**Work item**
The line containing "店舗移転に伴う閉店のお知らせ_A4_page-0001.jpg", plus every line that follows it to the end of the listing below, is what you transcribe exactly; omit all pictures.

Data provided below:

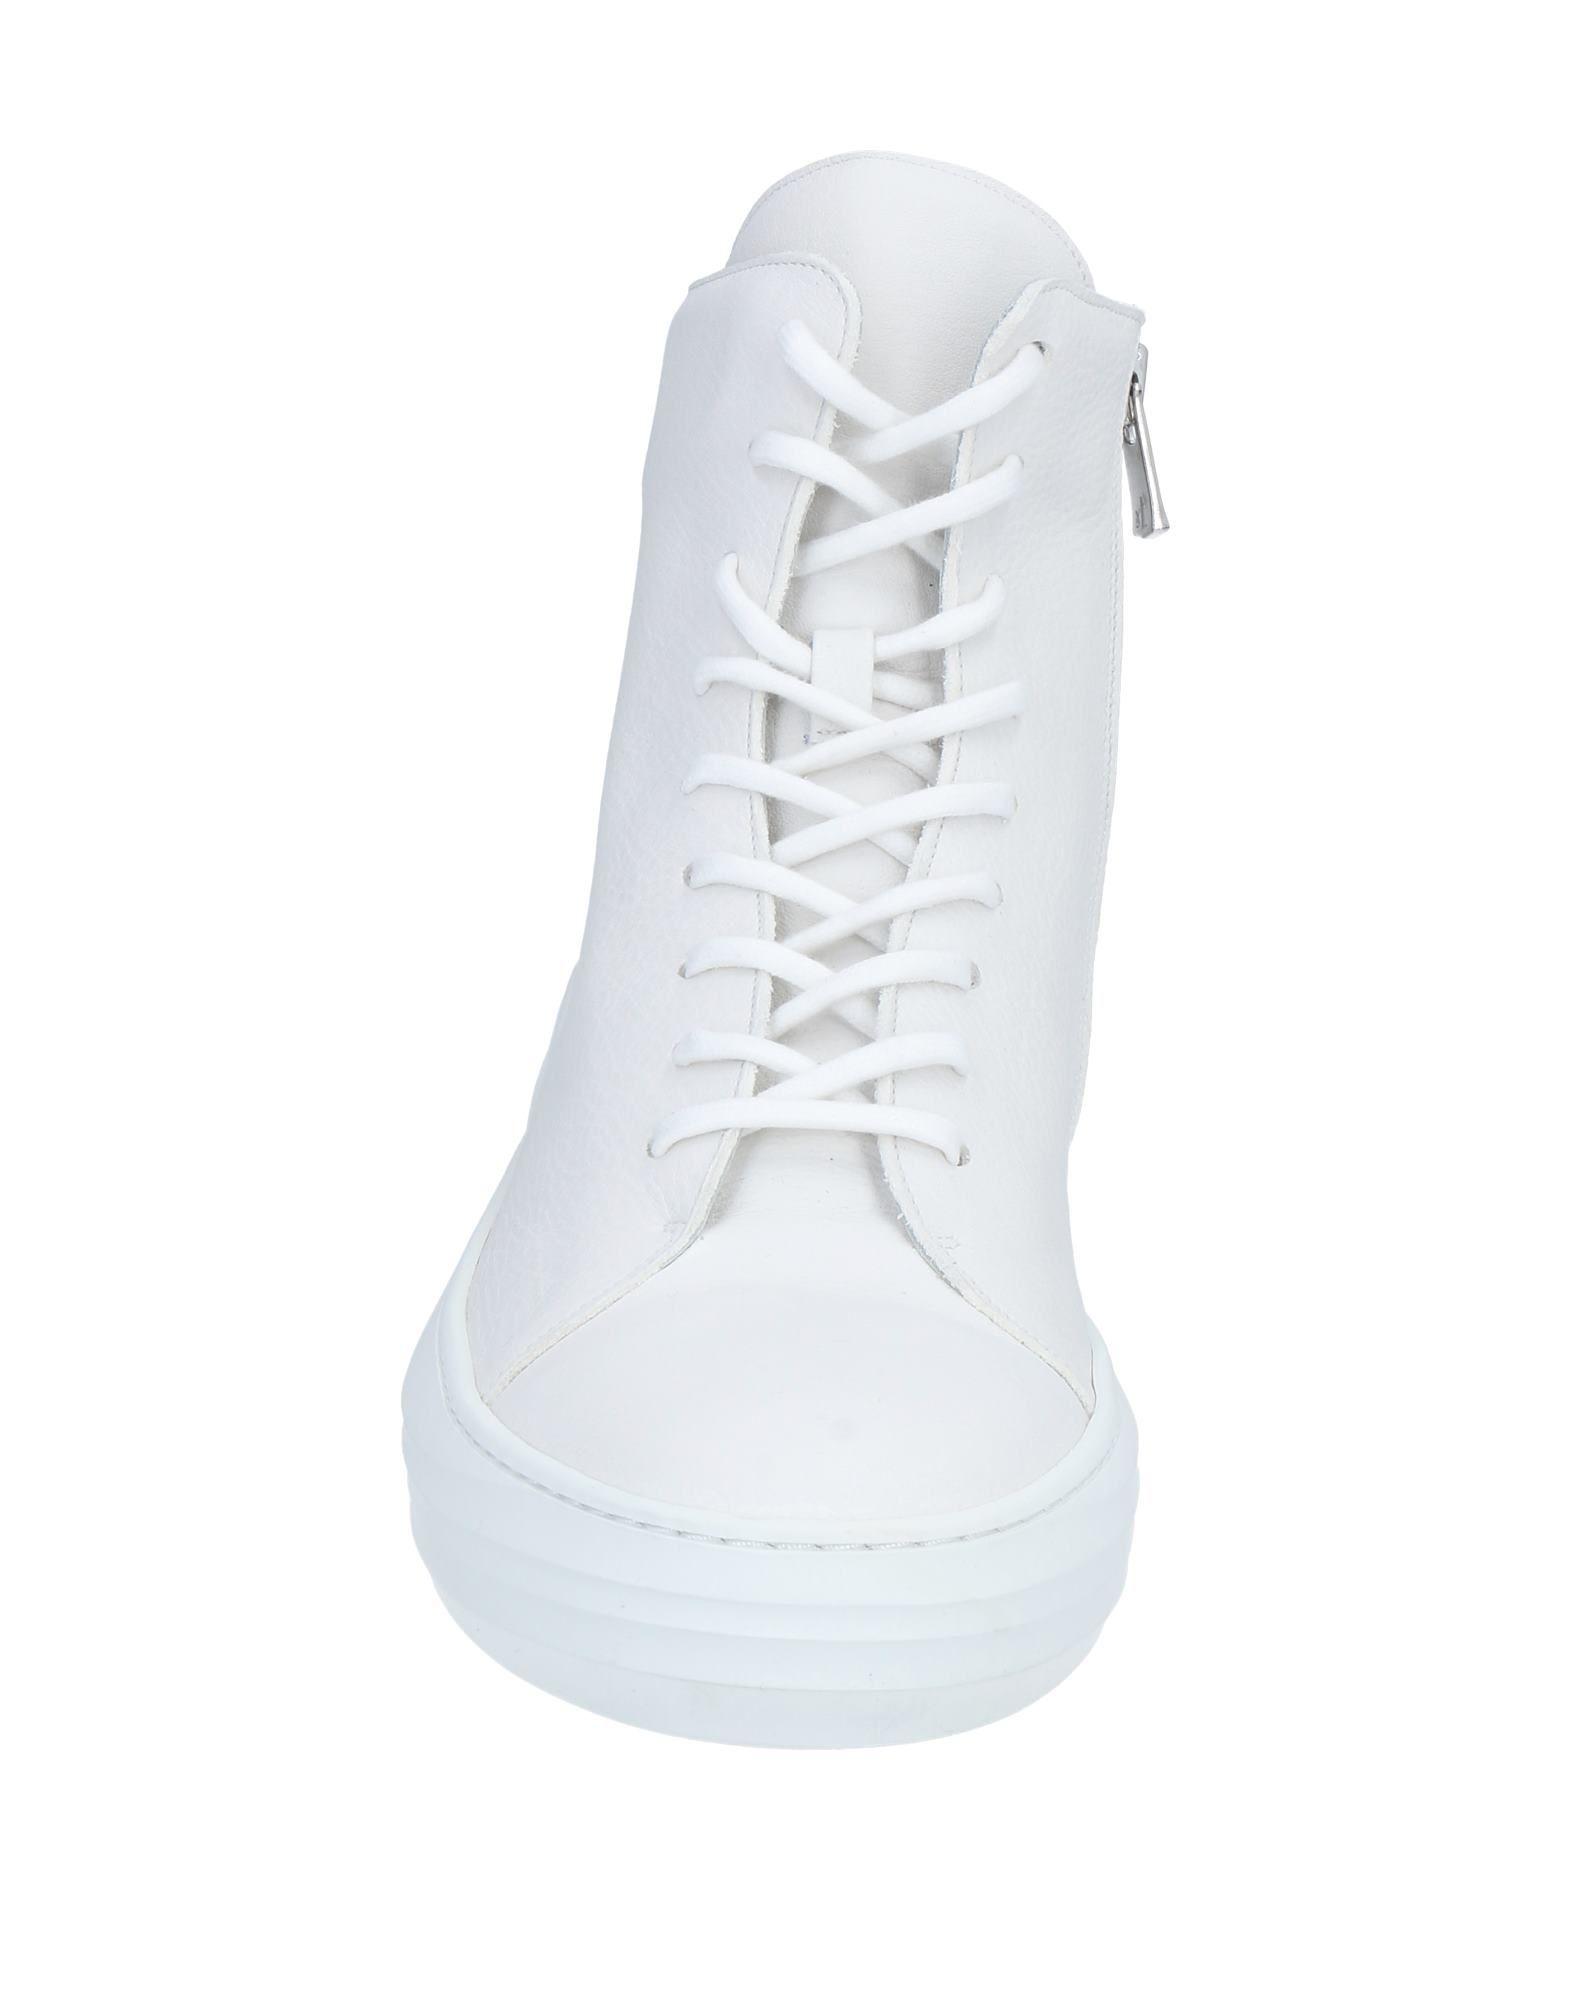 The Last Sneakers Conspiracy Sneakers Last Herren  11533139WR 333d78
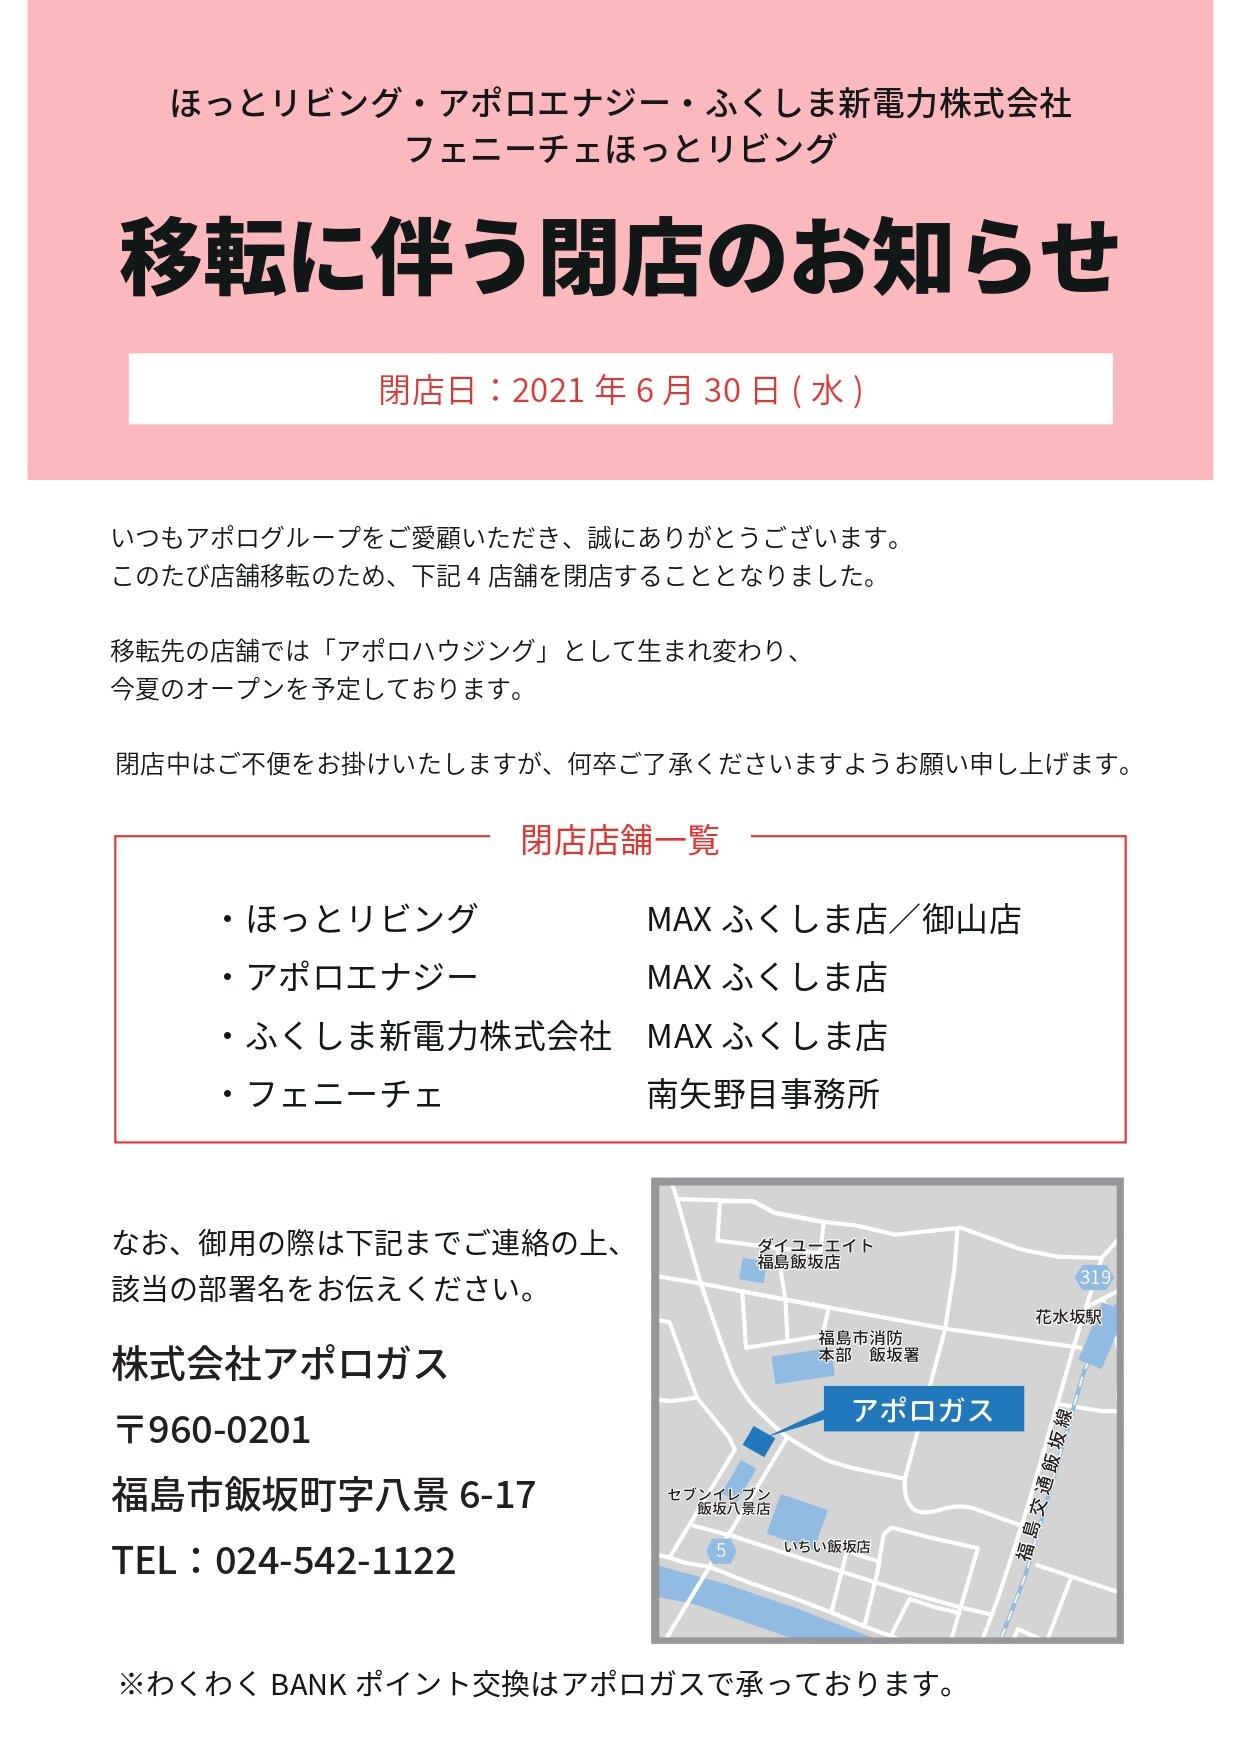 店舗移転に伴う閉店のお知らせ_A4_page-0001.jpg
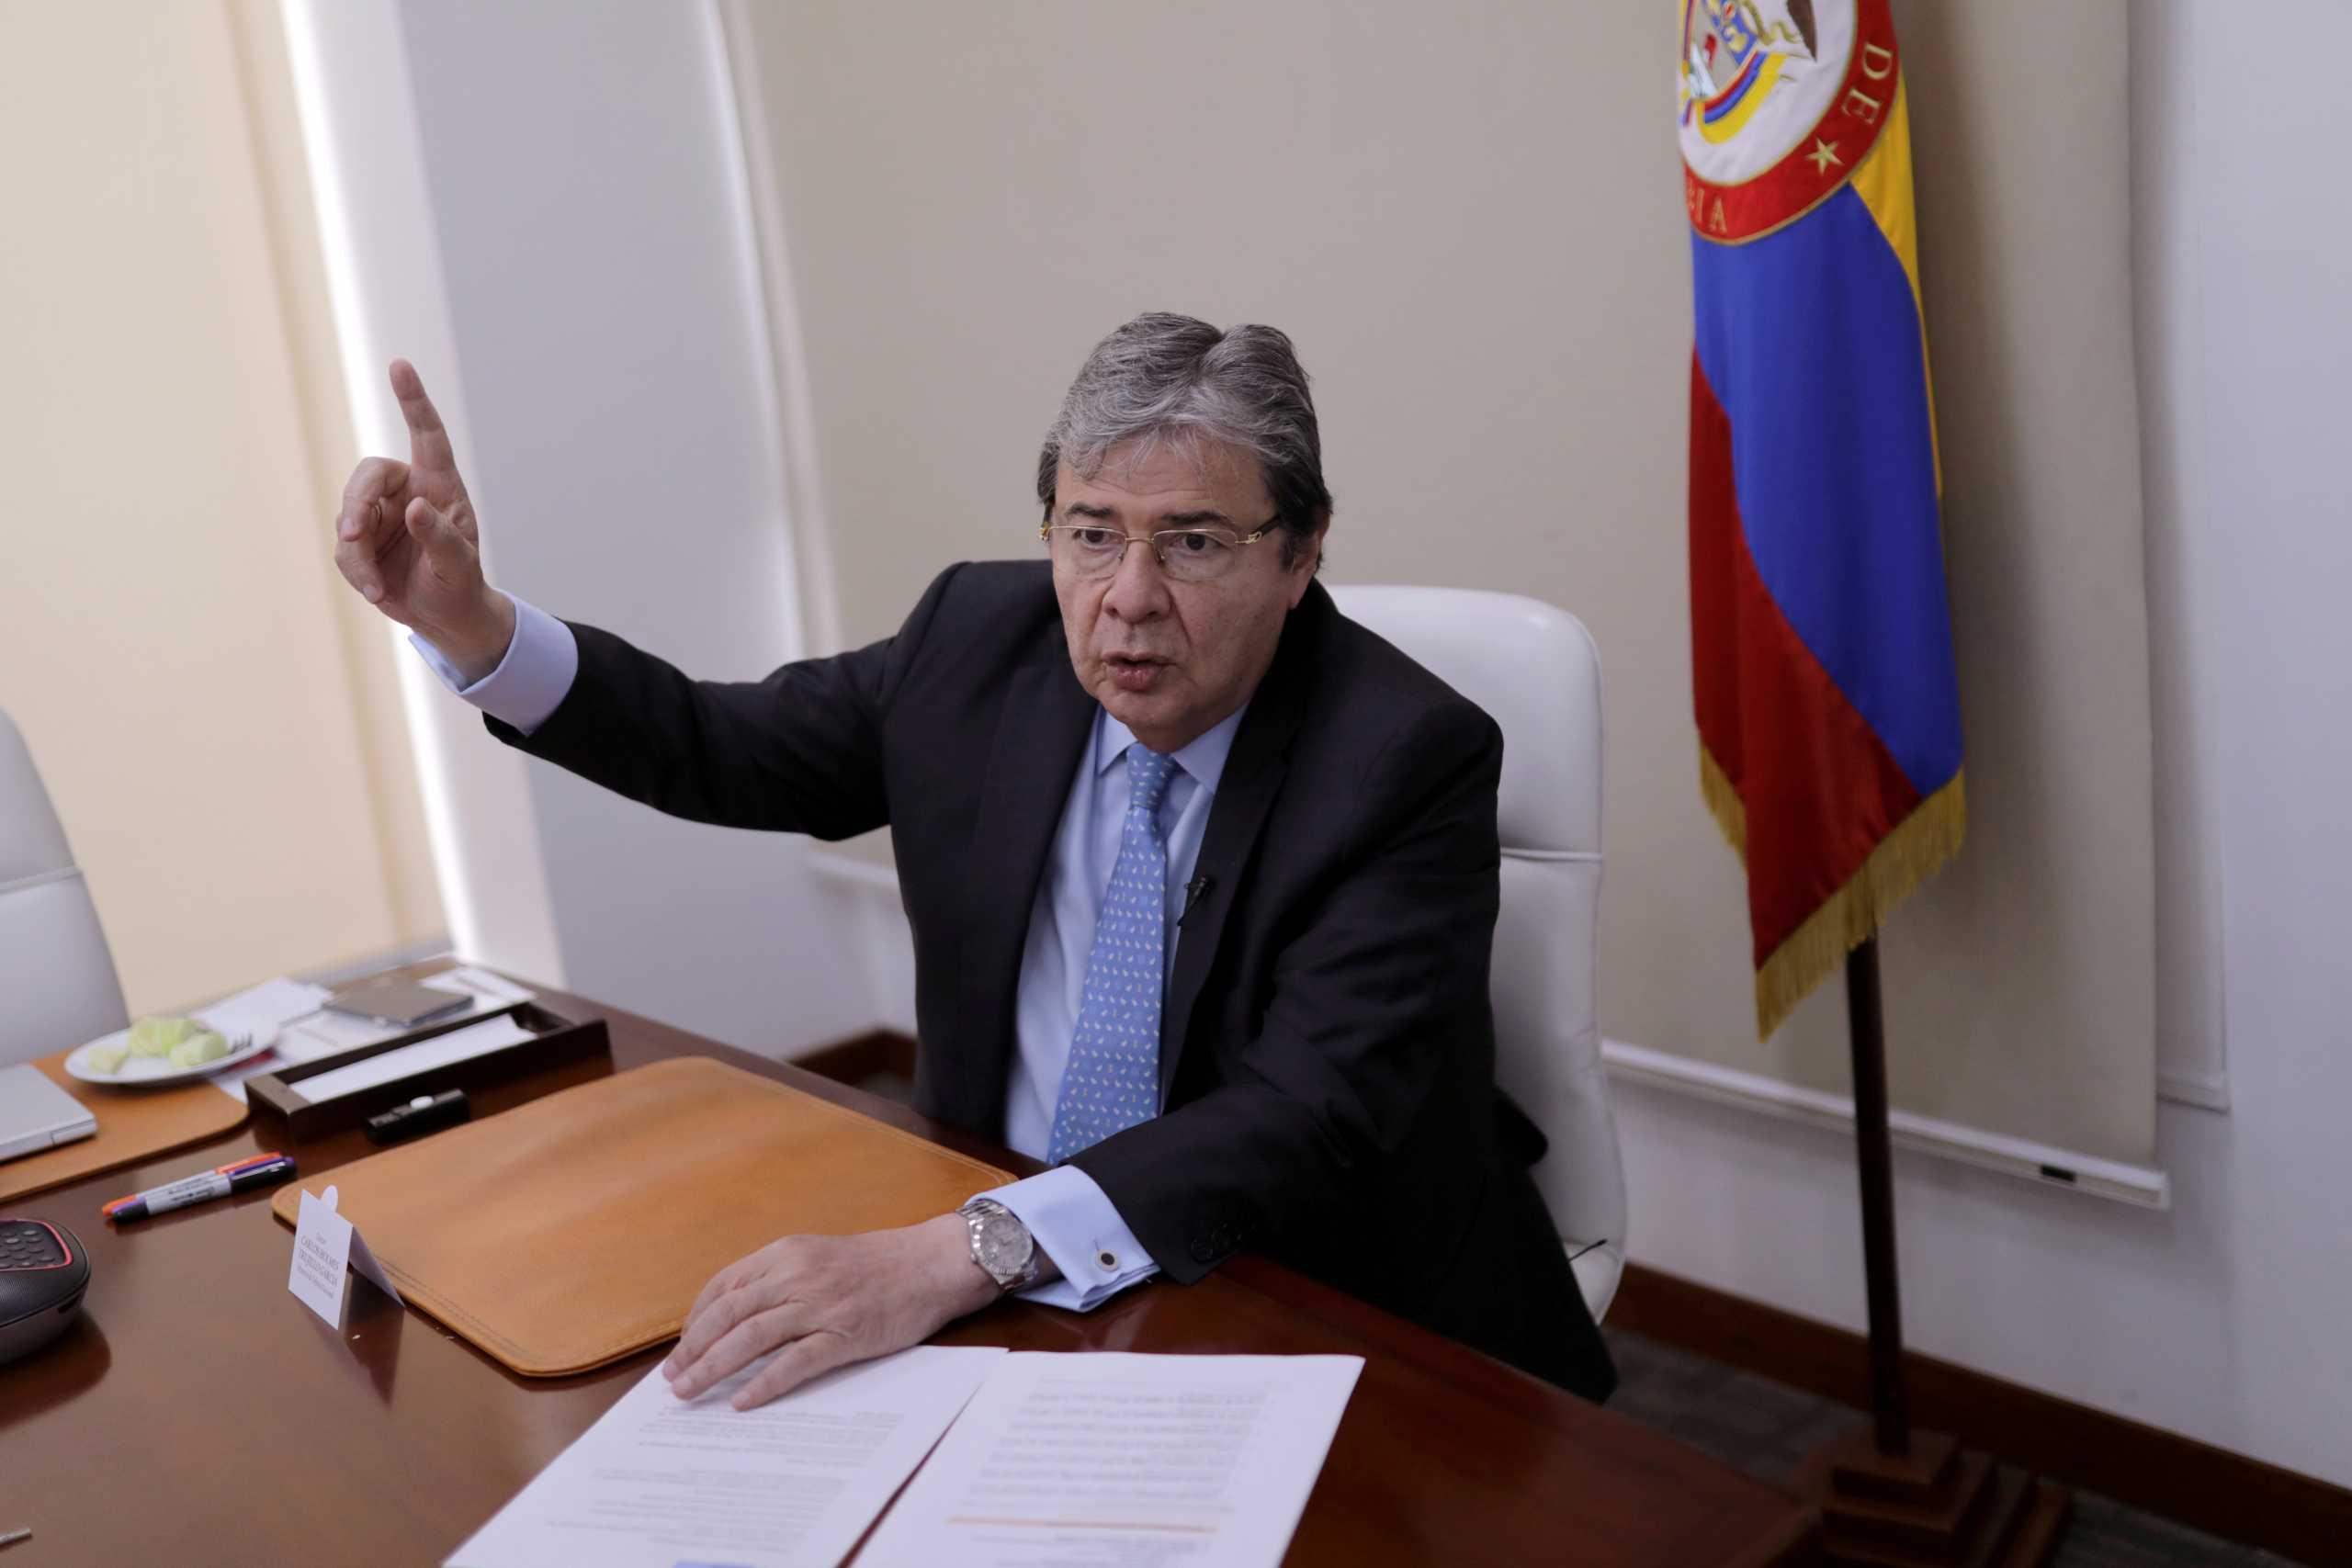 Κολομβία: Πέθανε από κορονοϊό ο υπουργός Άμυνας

End of Data provided.

**Result for this exercise**
 店舗移転に伴う閉店のお知らせ_A4_page-0001.jpg
 Κολομβία: Πέθανε από κορονοϊό ο υπουργός Άμυνας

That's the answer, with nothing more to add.